Have you heard about orange wine or maybe even tried it? This is a style of wine that’s come back on the scene in recent years. If you are looking for a beverage that has the best of both white and red wines, then orange wine may be your jam. It has the acidity of white wine with the body and richness of a red.
What is Orange Wine?
The name is a bit of a misnomer because it’s not made with oranges. A better term for this type of wine is skin-contact. This is because the wine is made using white grapes that stay in contact with the skins and seeds during fermentation. It’s the skins that give the wine it’s orange color.
Typically, white wine is produced by fermenting juice from white grapes without their skins and seeds. This results in a color range of pale straw to deep gold. Orange wine is produced like red wine with the juice, skins, and seeds all fermenting together. The skins of red grapes add red color to the wine, and the skins of white grapes add an orange or amber hue to the wine.
The Effects of Skin Contact Wine
The wine color for orange wine actually ranges from golden to amber to deep orange, depending on how long the juice stays on the skins. This can span anywhere from a few hours to a few days to several months.
The skins and seeds not only give the wine its orange color, they also add tannin to the wine. Tannin gives a drying mouthfeel in wine. This method gives the wine a fuller body and richer flavor than a typical white wine.
Grapes Used in Orange Wine
Producers use a variety of white grapes to make skin-contact wine. This means the wine flavors can vary quite a bit. However, Pinot Grigio, Sauvignon Blanc, and Ribolla Gialla are often used to make skin contact wine.
Origins of Orange Wine
Orange wine has its roots in Northern Italy, Georgia (not the state), and Slovenia where they ferment the wine juice, skins, and seeds in a clay vessel that is buried in the ground. It’s an ancient method used for producing skin contact wine.
How to Serve Orange Wine
Orange wine is best served cool in the 50-55F range. This range is a bit warmer than white wine and cooler than red wine serving recommendations.
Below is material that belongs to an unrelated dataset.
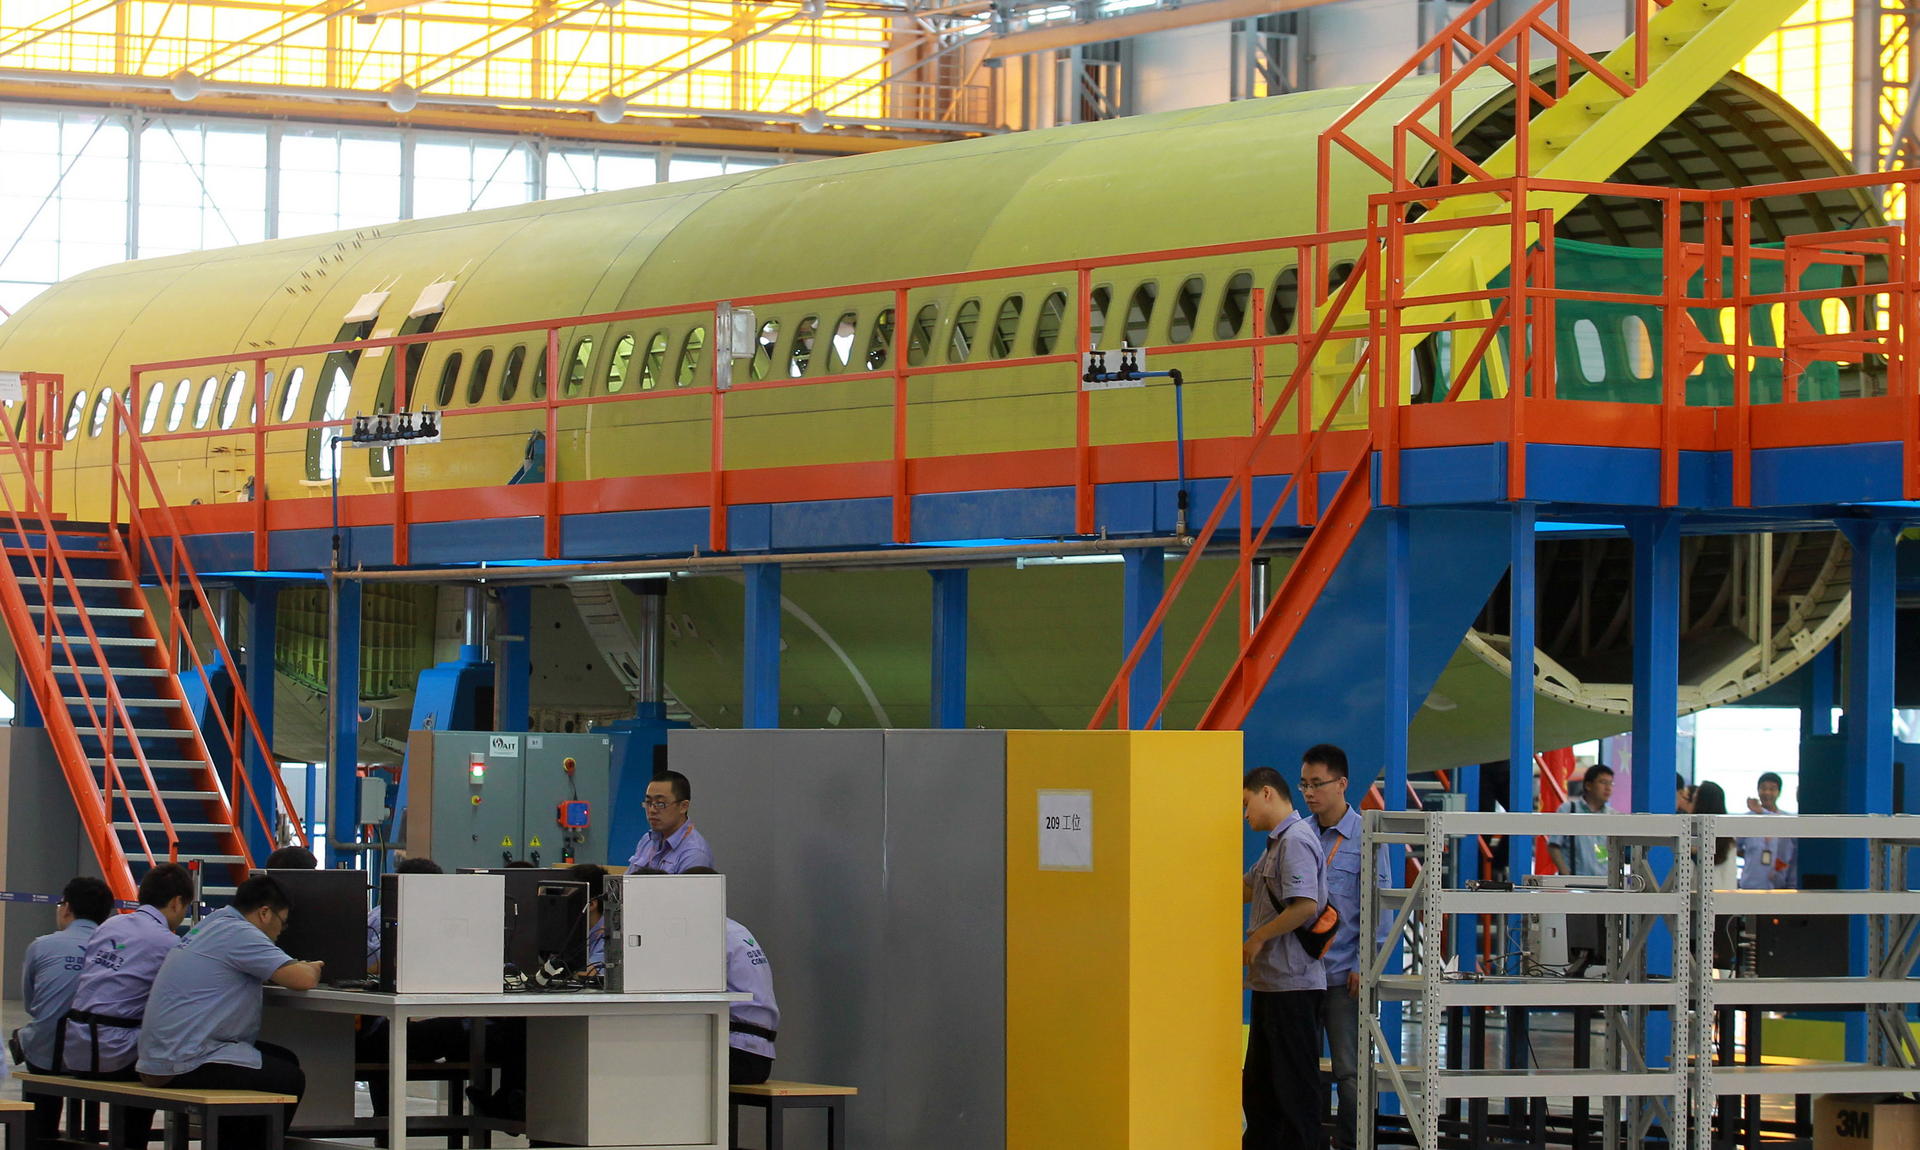 The C919 currently under development by Comac is a narrow-body version. The firm is now seeking suppliers to develop a widebody passenger plane. Photo: Xinhua

What to Pair with Orange Wine
Since orange wine has high acidity (a great characteristic for pairing wine with food) along with bold, rich flavors, it can handle a variety of foods and spices. Try pairing it with a charcuterie and cheese board, Asian, or Eastern European cuisine.
Orange Wine Recommendations
I recently conducted a tasting of Orange Wine with a couple of friends. We wanted to dive in and see what the fuss was all about. I lined up three different bottles. We tasted, compared, discussed, and developed a few tasting notes to share with you.
Orange Wine #1
Movia Ribolla 2016
This first one is from Slovenia, one of the country’s where orange wine originated and from an estate that has been in existence since the 1700s. To add to the fun, one of my friend’s tasting this line up is Slovenian and had never had a wine from that country. It was a first for all of us.
The Movia Ribolla is made with the Ribolla Gialla grape and has a deep golden color. The deepest color of the three we tasted. It’s dry, tart, and even sour with a medium body and soft tannins coming from the skins and seeds. It actually has a bit of zest or effervescence to it. We detected flavors of caramel and butterscotch, but it certainly is not sweet. We felt the wine would work best with food like fried or roasted chicken.
Orange Wine #2
Field Recordings SKINS 2019
Central Coast, CA
This skin contact wine is produced in California and is made with a blend of white grapes: 50% Chenin Blanc, 35% Riesling, 15% Pinot Gris. The color is light golden. It has floral aromas likely coming from the aromatic Riesling. This one is dry with tart acidity and medium body. We felt this one was smoother than the first, but with higher acidity.
Orange Wine #3
Angelo Negro Vino Bianco 2018
Angelo Negro is another historic winery dating back to the 1670’s. The white grape used in this wine is Arneis which originates in Piedmont, Italy. The wine’s color is a light straw. The lightest of the three selections and really not orange at all. It is unfiltered which is common for skin contact (orange) wines. It is definitely a dry, tart wine like the others. It is light-bodied and zesty with a lemony flavor to it. The winemaker’s notes say the wine has sour notes, but we did not detect the sourness like we did with the first wine. This is a nice, light sipping wine that doesn’t need food to pair with it and our favorite of the three.
Orange Wine Wrap Up
If you are looking for something different to try, check out an Orange Wine (aka Skin Contact). Be forewarned, there is no Orange Wine section at wine shops making it a bit challenging to find. You are better off asking someone to help you. They will likely take you all around the shop pointing out the different Orange Wines they have in stock. Have fun with it! Na Zdravie! (a.k.a. Cheers! in Slovak.)